Todos precisamos del Señor, no con supercherías o como si fuese un talismán de la buena suerte, sino con verdadera fe en su persona.
Entre la multitud había una mujer que desde hacía doce años estaba enferma, con hemorragias. Había sufrido mucho a manos de muchos médicos, y había gastado cuanto tenía sin que le hubiera servido de nada. Al contrario, iba de mal en peor. Esta mujer, al saber lo que se decía de Jesús, se le acercó por detrás, entre la gente, y le tocó la capa. Porque pensaba: “Tan sólo con que toque su capa, quedaré sana.” Al momento se detuvo su hemorragia, y sintió en el cuerpo que ya estaba sanada de su enfermedad. Jesús, dándose cuenta de que había salido de él poder para sanar, se volvió a mirar a la gente y preguntó:
–¿Quién me ha tocado?
Sus discípulos le dijeron:
–Ves que la gente te oprime por todas partes y preguntas: ‘¿Quién me ha tocado?’

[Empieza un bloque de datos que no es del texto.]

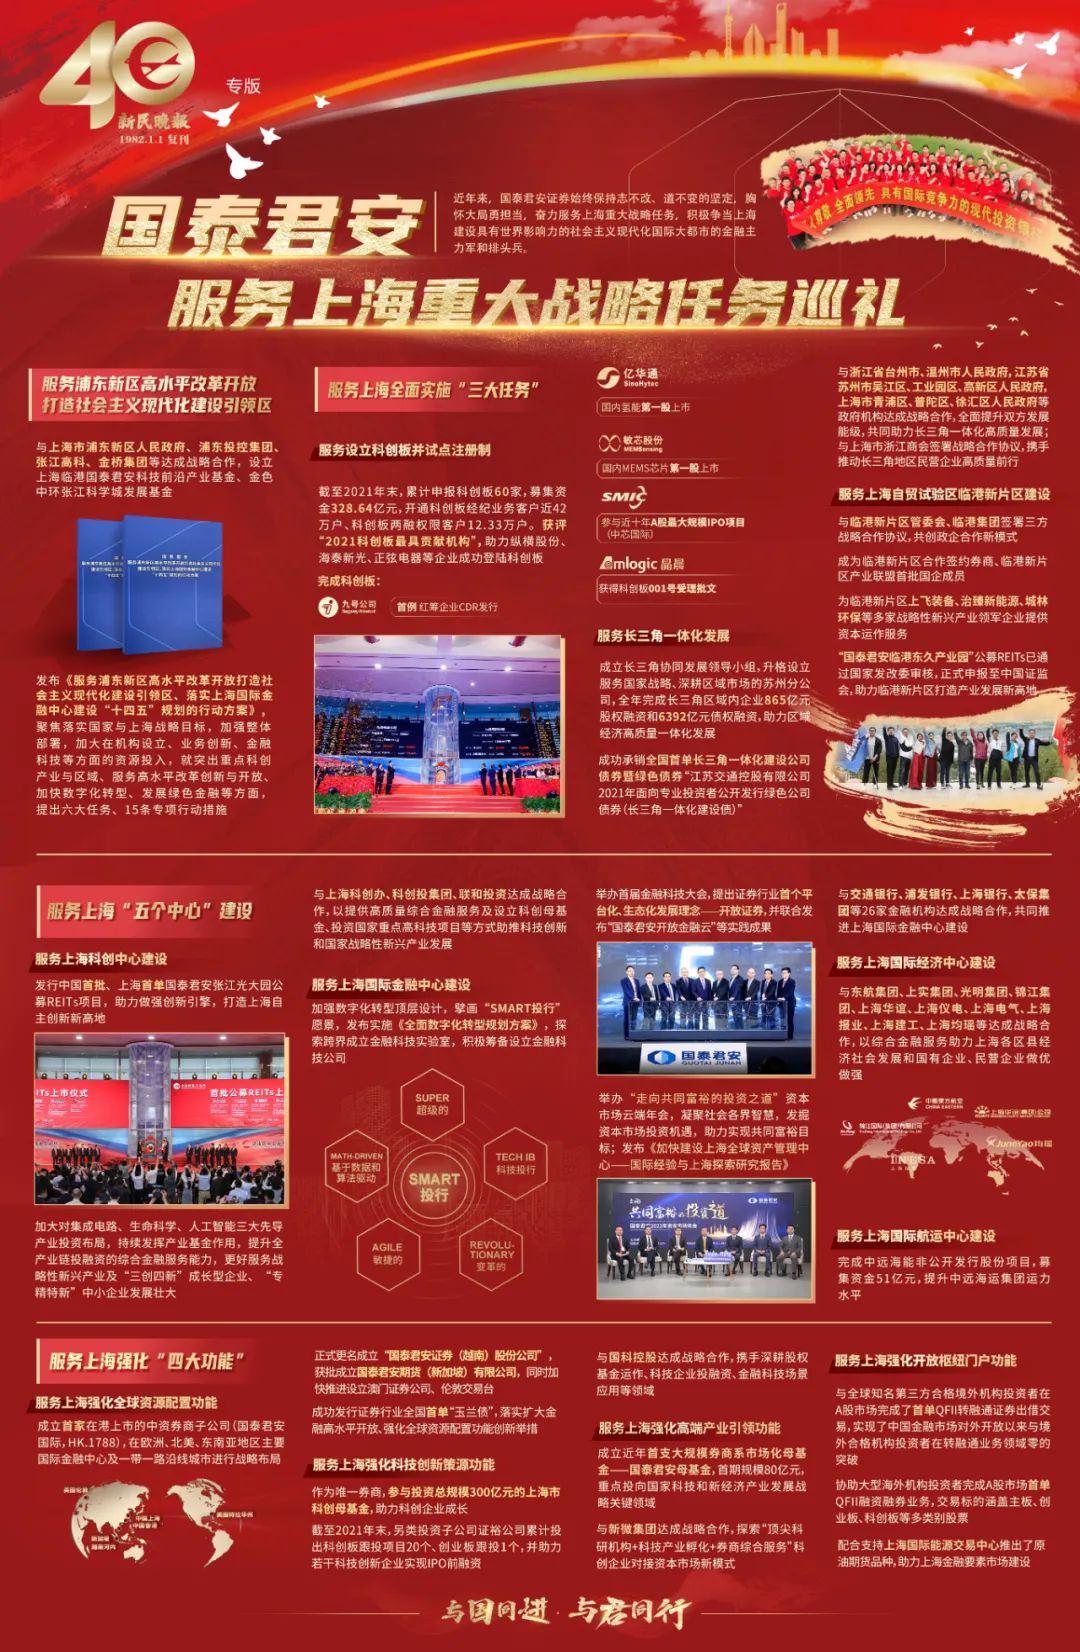 新民晚报 | 国泰君安服务上海重大战略任务巡礼(国泰君安期货新加坡子公司)

Pero Jesús seguía mirando a su alrededor para ver quién le había tocado. Entonces la mujer, temblando de miedo y sabiendo lo que le había sucedido, fue y se arrodilló delante de él, y le contó toda la verdad. Jesús le dijo:
–Hija, por tu fe has sido sanada. Vete tranquila y libre ya de tu enfermedad.
Mc 5:25-34
Este milagro lo conocemos también en los evangelios de Mateo y Lucas. Trata sobre la historia de una mujer que, como tantas otras, vive marginada. Gracias a la intervención de nuestro Señor queda liberada para siempre.
La escena aparece junto a la petición de otro milagro, el de la resurrección de una niña, la hija de Jairo. En ambos se realza el poder de la fe. Curiosamente la niña tiene doce años, los mismos que la mujer lleva enferma. A esa edad la pequeña concluye su vida. La mujer los vive sepultada en el dolor. Son dos milagros a favor de las mujeres, aunque nos detendremos sólo en uno.
La mujer se acerca a Jesús por detrás. Va escondida entre la gente. Sufre hemorragias. La enfermedad, además de tenerla debilitada, le impide ir al tempo, acercarse a cualquier persona, porque se considera que todo lo que toca queda impuro.
No se atreve a dirigirse a Jesús, ¿cómo va a proclamar en público lo que le pasa y lo que quiere? En lo único que tiene seguridad es en tocar el manto con fe: con sólo tocar su manto quedaré curada. Tocar el manto también puede referirse a las borlas que cuelgan de los cuatro picos de la túnica de Jesús, típicas de aquella época.
Conocemos milagros en los que el Señor toca a los enfermos, esta vez es la enferma, la que se vacía de vida, quien toca su ropa como si tocase su piel. Parece un milagro a hurtadillas que de repente sale a la luz en medio de la multitud, una intromisión que retrasa la ejecución de otro, el de la hija de Jairo y que deja, a su vez, al descubierto, la misericordia del Señor.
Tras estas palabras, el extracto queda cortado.